JEFF HOROWITZ: R&D was also at work making other changes for Japan. Aveda's entire product line was developed with Caucasian hair in mind. But Asian hair is both thicker in diameter and more dense. Aveda conditioners weren't powerful enough. At the same time, Japanese and focus groups disliked the feeling of anything weighing on their hair after use. The company had to reconcile these somewhat divergent goals into a single product line. Another product for Japan took Aveda into completely new territory. To compete as a skincare line, Aveda would need some sort of skin whitening product. Matravers says Japanese women put a lot of energy and money into making their skin lighter than it naturally is.

PETER MATRAVERS: Japanese looked at whitening as part of their ritual. It's perceived to be elegant to be more pale. I think it also speaks to how they see beauty.

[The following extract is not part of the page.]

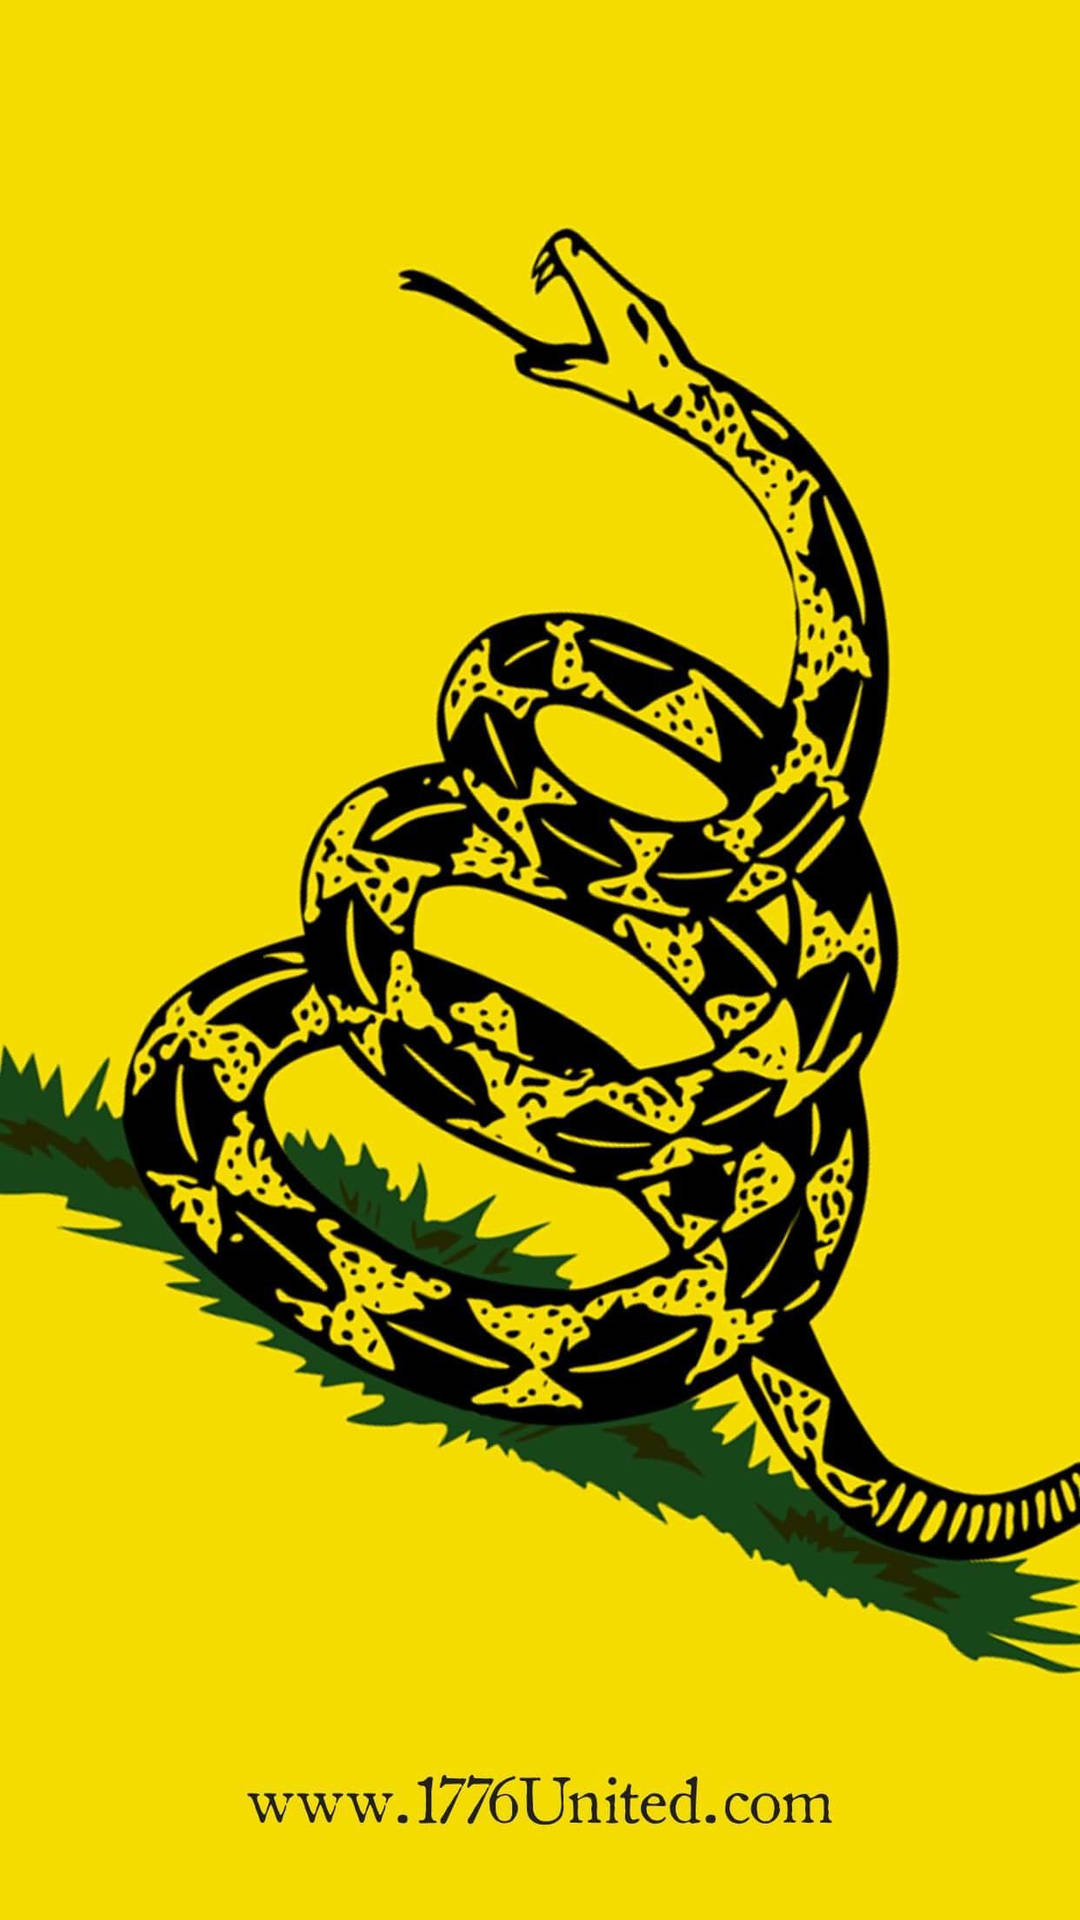 Gadsden Flag Snake Logo Inspiration Wallpaper
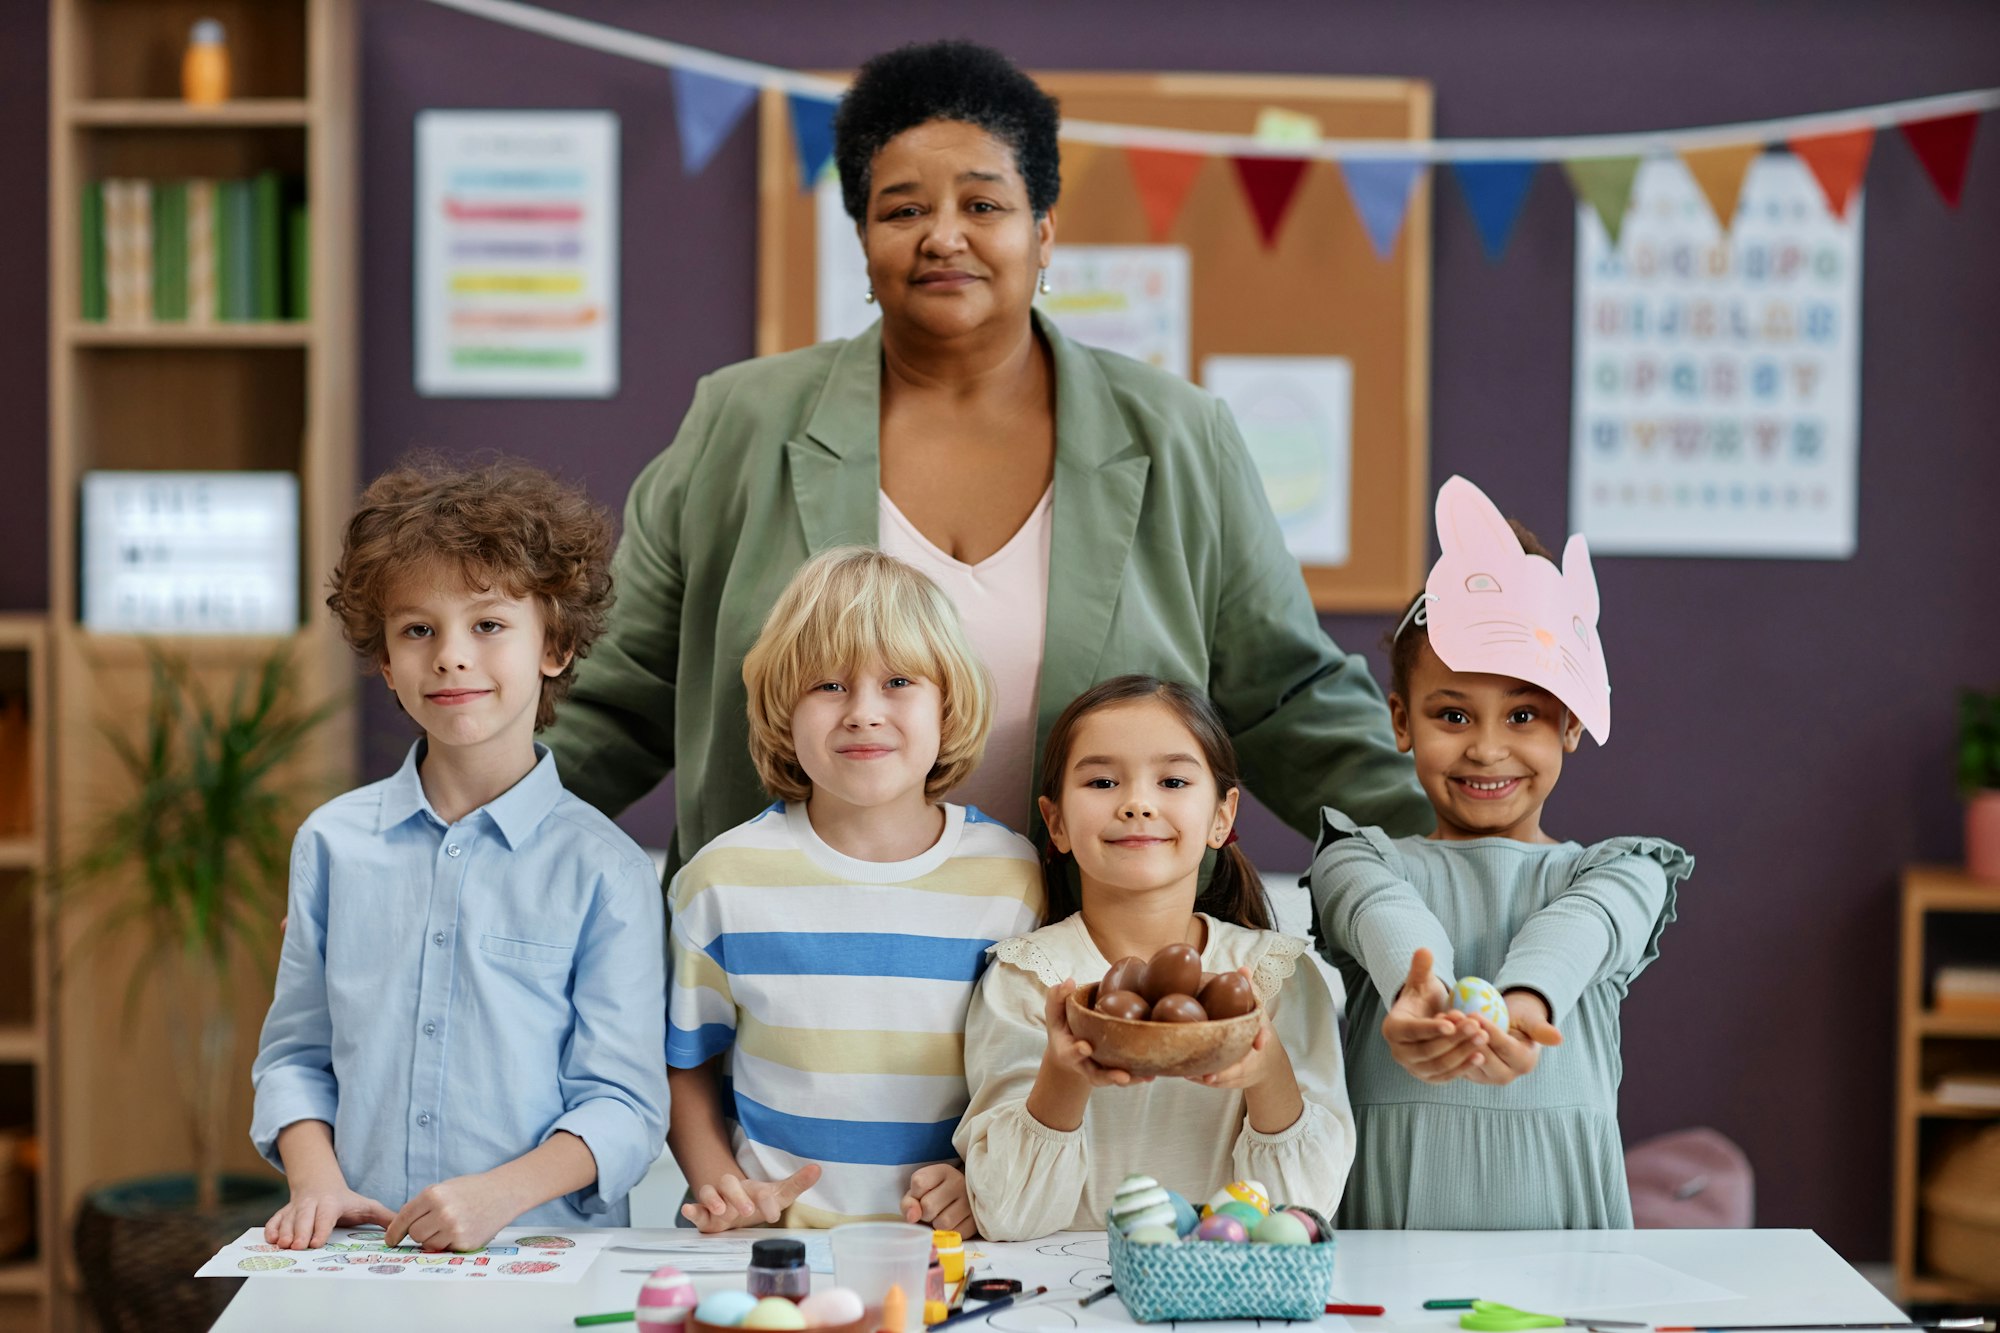 Female teacher posing with diverse group of children in preschool

JEFF HOROWITZ: Because skin whiteners actually affect the pigment found in skin cells, the Japanese government regulates them as a drug. Aveda eventually found an effective formula that was both all-natural and met regulatory approval. Aveda has decided to sell products in Japan only through hand-picked professional salons. The idea there is to reinforce the reputation for quality. Though there may be some immediate price in terms of name recognition.

[NON-ENGLISH SPEECH]

A spot check of a recent flight headed from Minneapolis to Tokyo found young Japanese women puzzled when presented with a small shampoo bottle and asked if they recognized the brand, which in Japan is pronounced Aveda.

[NON-ENGLISH SPEECH]

Basically, this woman says she's really sorry, but she's never heard of it. Aveda president Dominique Conseil says he intends for Aveda to achieve the same name recognition in Japan it now enjoys here. Along the way, he hopes Aveda's success will introduce a new word into the lexicon of international business, glocal-sim.

DOMINIQUE CONSEIL: In my mind, the global company is the big international monster that almost exports everything from a home market, one-size-fits-all type of approach. The glocal company is the smart, flexible company that listens so that the company can become intelligently international.

JEFF HOROWITZ: It may be some time before business people around the world are using Conseil's word, glocal. They may, however, be using Aveda. I'm Jeff Horowitz, Minnesota Public Radio.